A new ramp provides Jim access to his front door. Four interior doorways have been widened to accommodate the wheelchair. The bathroom is redone, from the studs up, to make way for a specially designed tub and shower.

“And we had to get a van,” Alison says. A good thing, because before heading home, Jim wanted to collect his bicycle from the police station.

“We’ve had 10s of thousands of good miles together,” he says. “It’s a beautiful bike, a good girl, we went down hard together.”

He isn’t sure how he might replace his passion for cycling, he says. Along with everything else, that is a day-by-day discovery process. “Looking too far into the future would be overwhelming. The reality is, wallowing would be useless.”
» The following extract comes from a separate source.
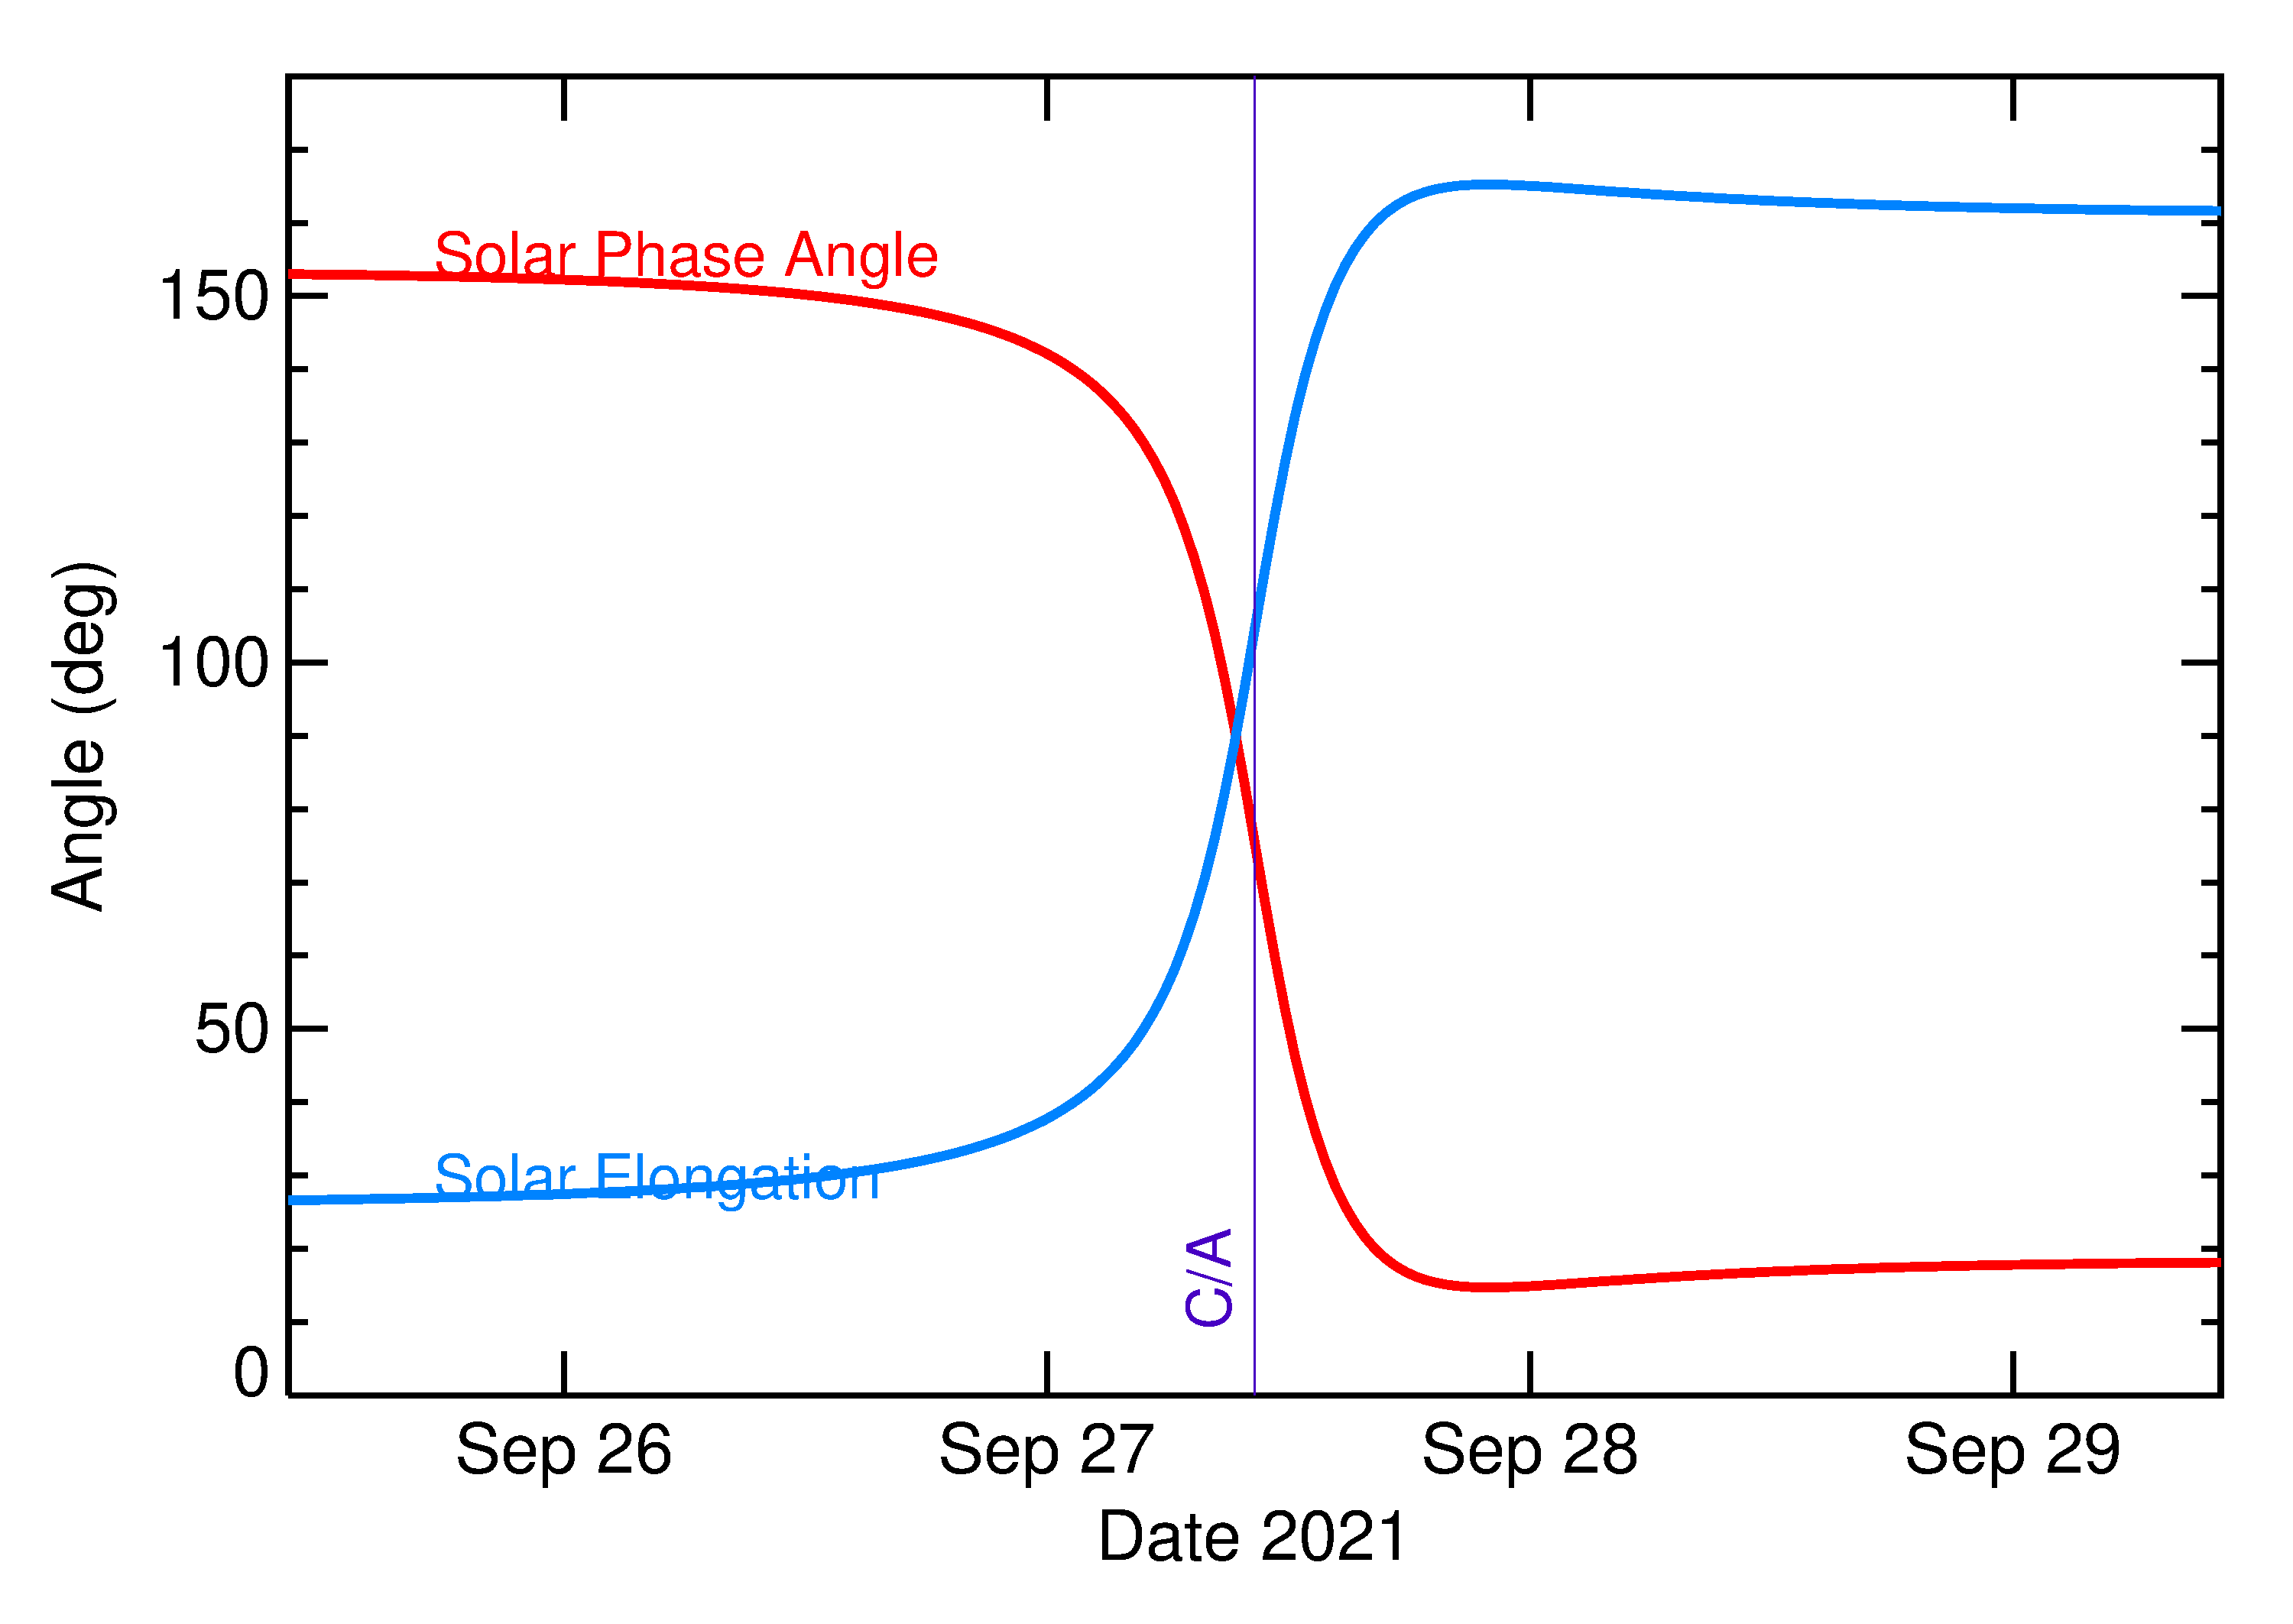 Solar Elongation and Solar Phase Angle of 2021 SQ1 in the days around closest approach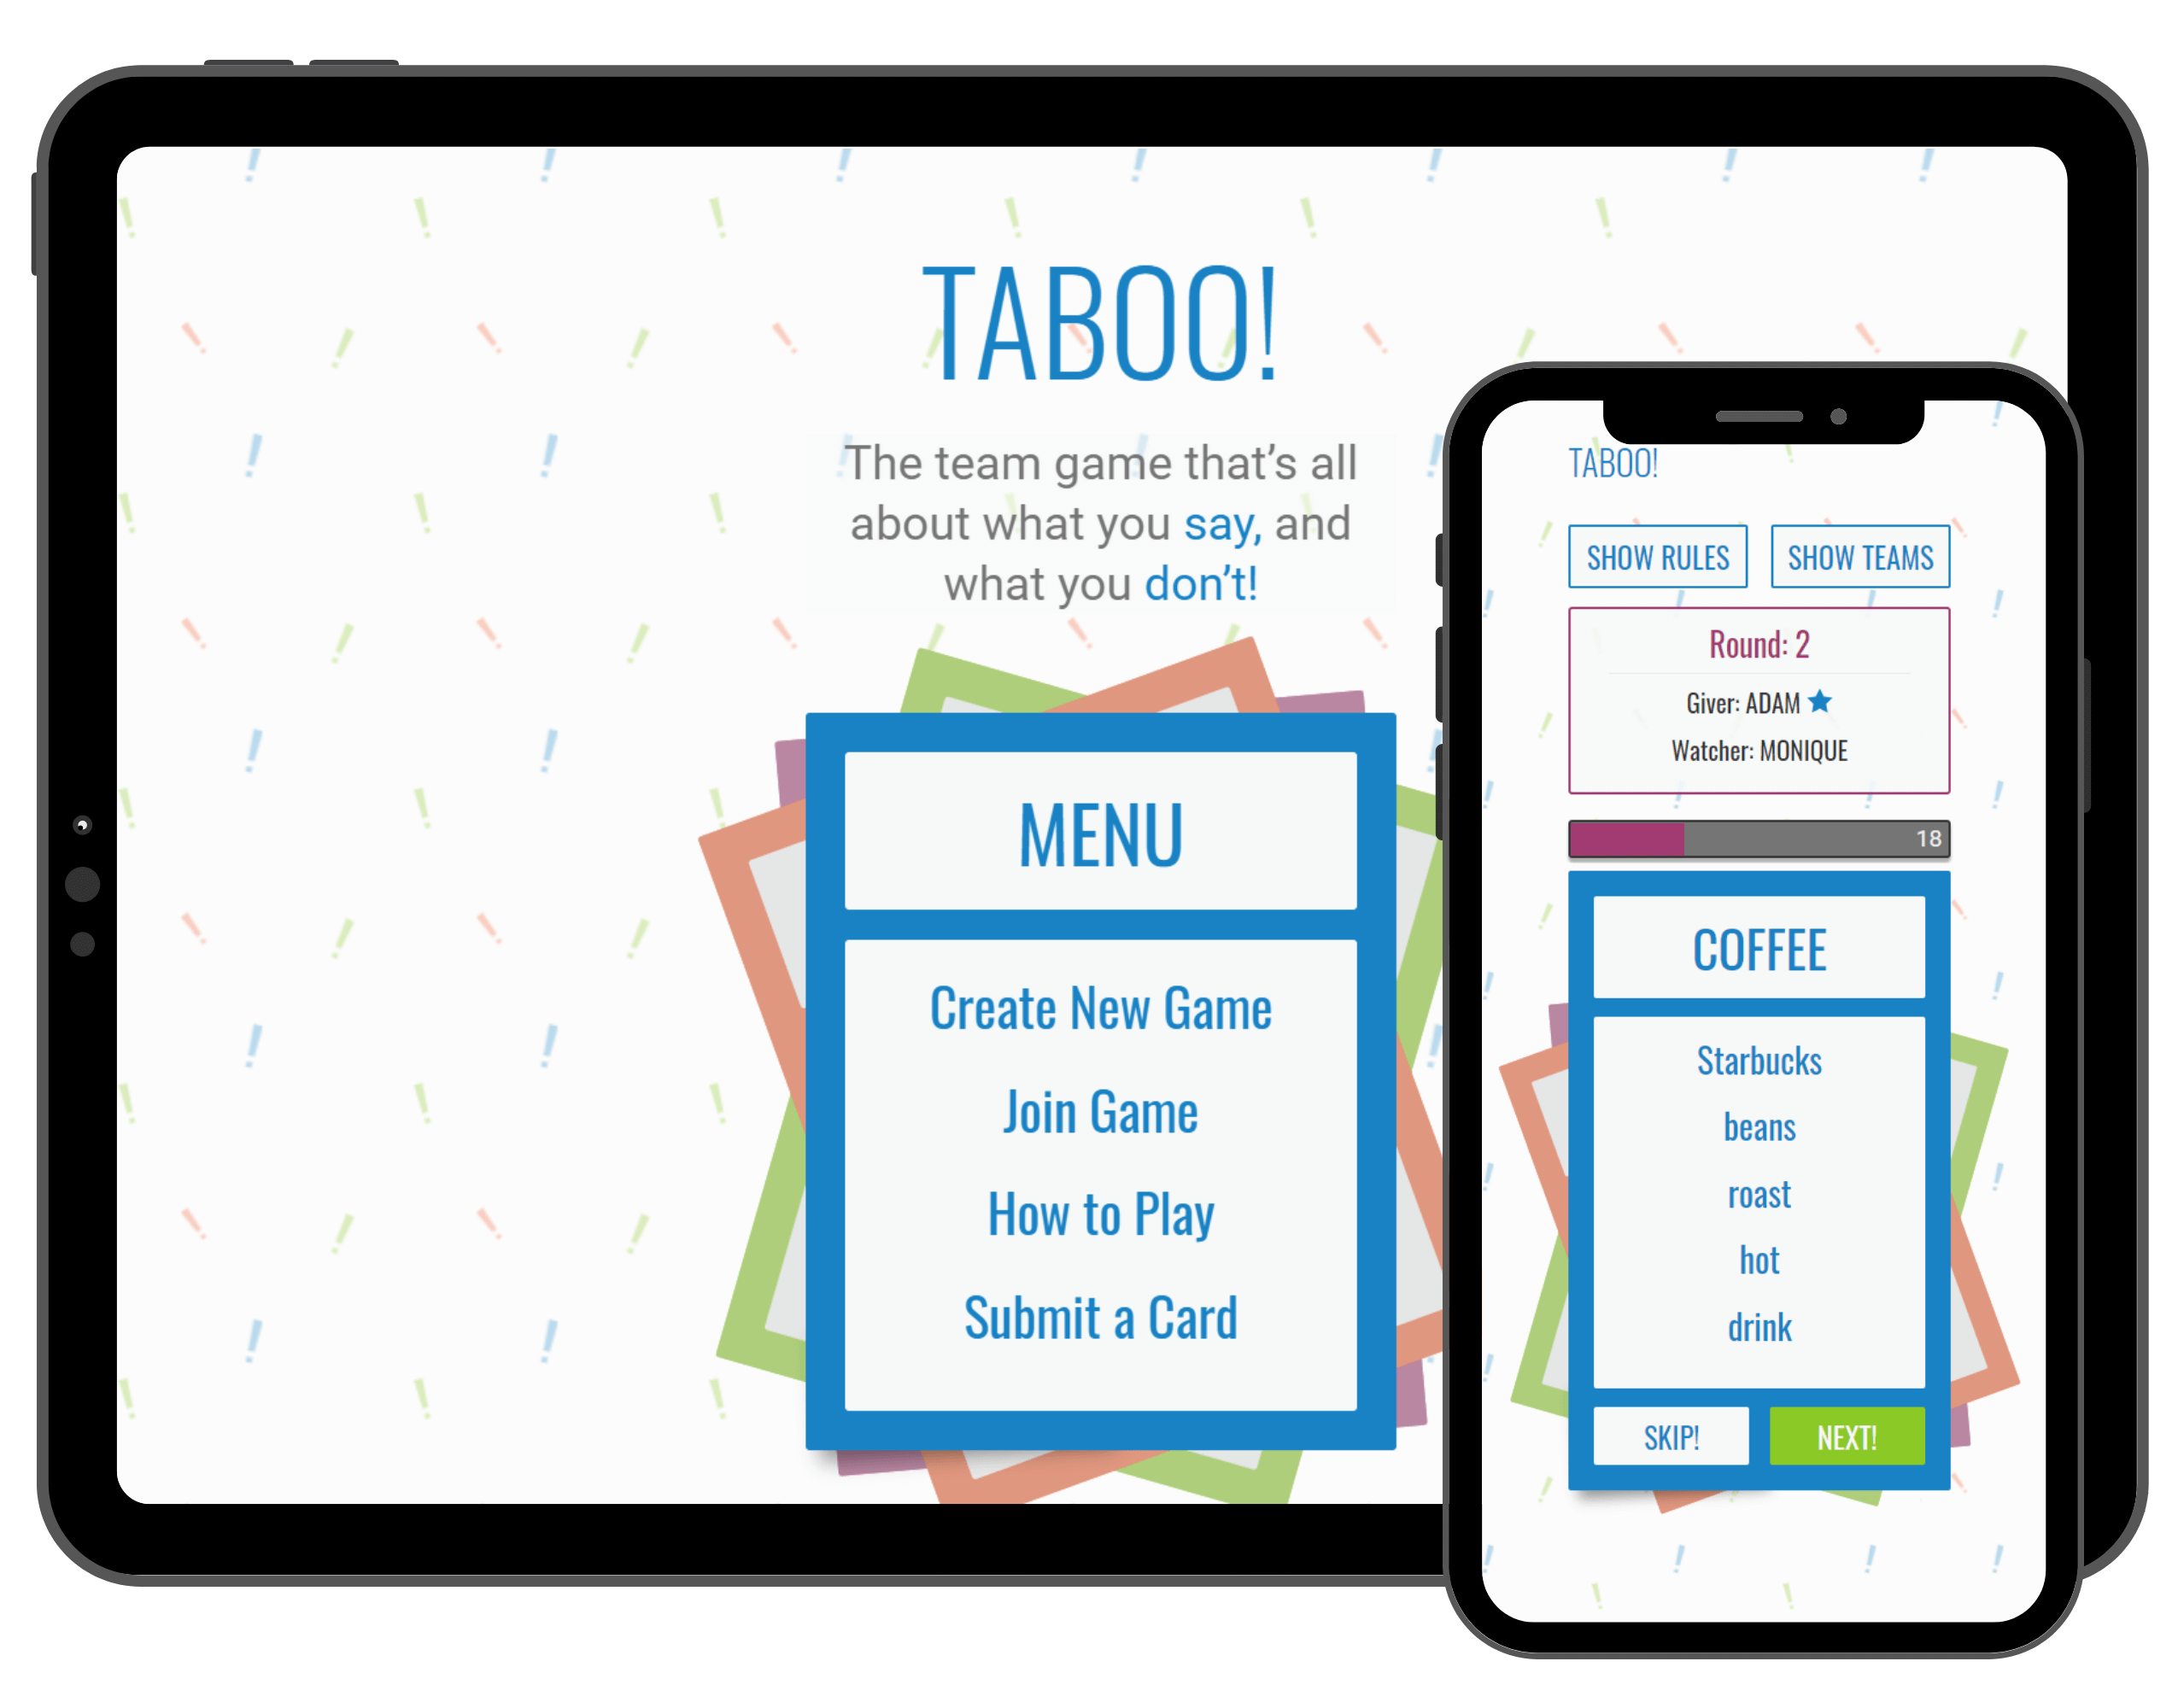 Taboo application displayed in ipad and iphone

If anything can be derived from his situation, he hopes it involves drivers thinking a little more about cyclists’ rights and safety, he says. Jim says and he doesn’t hold a grudge against the young driver, who is facing serious charges, though he does make a couple jokes about condemning the guy to be his caretaker for a period of time. Alison says she’s too busy to give the kid a second thought.

There are things the Heitzenreders could use (a $20,000 therapeutic cycle, for example, that would allow Jim to exercise his muscles) and things they hope (maybe he will use his arms again someday — every spinal cord injury is different, they point out, so you never know). But overwhelmingly they feel “wonderful,” Alison says.

A Godsend caregiver comes every morning, and, though it isn’t easy, Alison learned after three days how to get Jim to bed on her own, so they have time together alone.After spending months having people in and out of the room day and night, that is a blessing, she adds.

“He still has the biggest smile,” she says of Jim. “And he keeps me happy, as we are getting to normal, the new normal.”